Alice olhou para a filha e encolheu os ombros. Não estava a perceber nada daquela conversa. Ágata rolou os olhos para a mãe e decidiu tomar conta da situação, já que estava mais habituada a falar com rapazes da mesma idade. Às vezes era necessário insistir.
– O que é o arco? – Perguntou ela com curiosidade.
– Não é o arco, já disse. É a ARCU.
– Desculpa. O que é a arco?
– É a Ação Revolucionária Climática Universal.
– E quem é o Anastácio.
– É o vizinho do terceiro do onze.
A mãe de Carlos explicou que o prédio número 11 ficava mesmo em frente ao deles e que um dos habitantes do terceiro andar se chamava Anastácio. Era um jovem de vinte e poucos anos que vivia com os pais e estudava na universidade.
– E que fez o Anastácio? – Continuou Ágata com o seu interrogatório.
– Ele e os amigos da ARCU fizeram uns planos, construíram uma catapulta e atiraram aquelas coisas todas para o meio da rua. Eu vi os planos através da janela do meu quarto e perguntei-lhes se podia fazer parte da equipa, mas eles riram-se e disseram que eu era muito novo. Avisaram-me para não dizer nada a ninguém, mas eu não gosto que gozem comigo. É claro, quando tentei avisar os vizinhos, a televisão e até a polícia, ninguém acreditou em mim. Então pensei que era justo que continuasse a cair a chuva estranha.
– Onde é que eles puseram a catapulta?
– O melhor sítio para esconder uma coisa é à vista de toda a gente. A catapulta está no descampado ao lado do campo de futebol coberta por canas, folhas e ramos de árvores. Para quem olha sem atenção parece ser um monte de lixo de jardim e como ninguém faz nada em relação ao lixo, ali fica, intocável. É um plano genial. De qualquer forma, a ideia deles era a de serem descobertos eventualmente.
– Onde é que eles arranjaram o piano, o trigo e os sabonetes, sabes? – perguntou Alice.
– O piano estava lá no descampado há uns dois anos. Como disse, ninguém faz nada em relação ao lixo. Estava velho e estragado, mas depois de ter ficado desfeito com a queda, ninguém reparou nisso. O resto das coisas não sei onde as arranjaram. Mas um deles trabalha num daqueles grandes supermercados que vendem coisas em grandes quantidades. Talvez tenha sido aí.

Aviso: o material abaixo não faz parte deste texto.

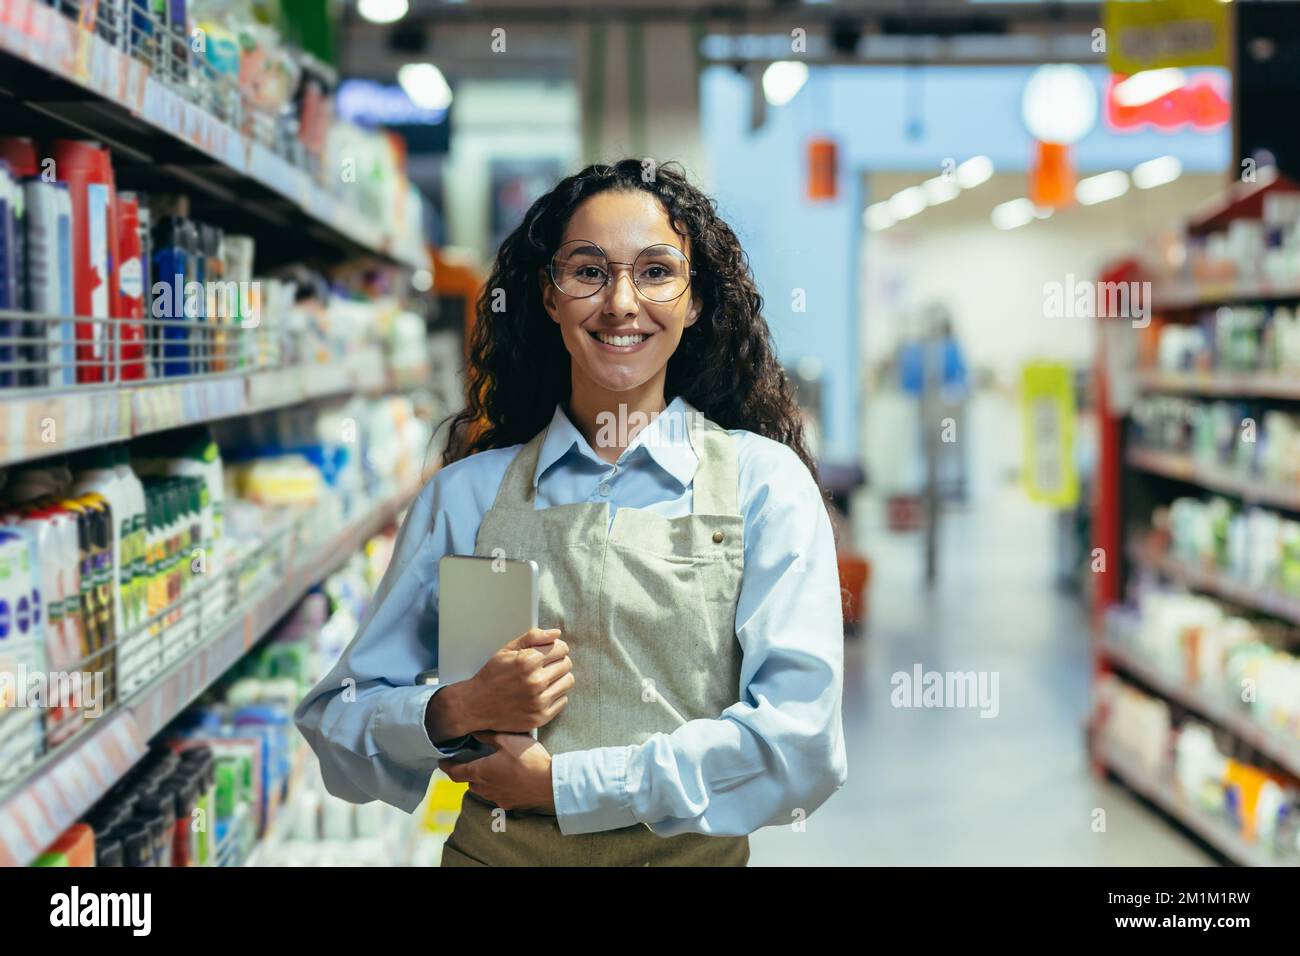 Portrait of a Hispanic female supermarket worker, saleswoman looking at the camera and smiling holding a tablet computer for product inspection, among racks and shelves in a store with goods. Stock Photo

– Mas porque é que fizeram tudo isto?
– Era um protesto. Quando as pessoas descobrissem seriam alertadas para a causa da ARCU. Era para ganhar publicidade. Por isso é que não se importavam de ser descobertos.
– Podiam ter-se revelado logo a seguir a atirarem o piano, – disse Ágata. – Isso foi brutal!
– A ideia era repetir várias vezes. Hoje em dia já ninguém liga a coisas isoladas, por mais estranhas que sejam.
– Já estou a perceber, – disse Alice. – Eles queriam fazer um protesto que chamasse a atenção das pessoas para a sua causa que, pelo nome da ARCU, presumo que é lutar contra as alterações climáticas. Era essa a razão.
No dia seguinte, depois de avisadas as autoridades, os membros da ARCU foram entrevistados em todos os canais de televisão. A sua estratégia tinha resultado, ganharam imensa publicidade e durante vários dias não se falou de outra coisa.
O momento alto dessas reportagens e entrevistas foi quando a enérgica jornalista Andreia voltou a entrevistar Carlos, reconhecendo-lhe todo o mérito.
– Afinal tinhas razão, a culpa foi mesmo das alterações climáticas.
– Foi o que eu sempre disse, – concluiu Carlos.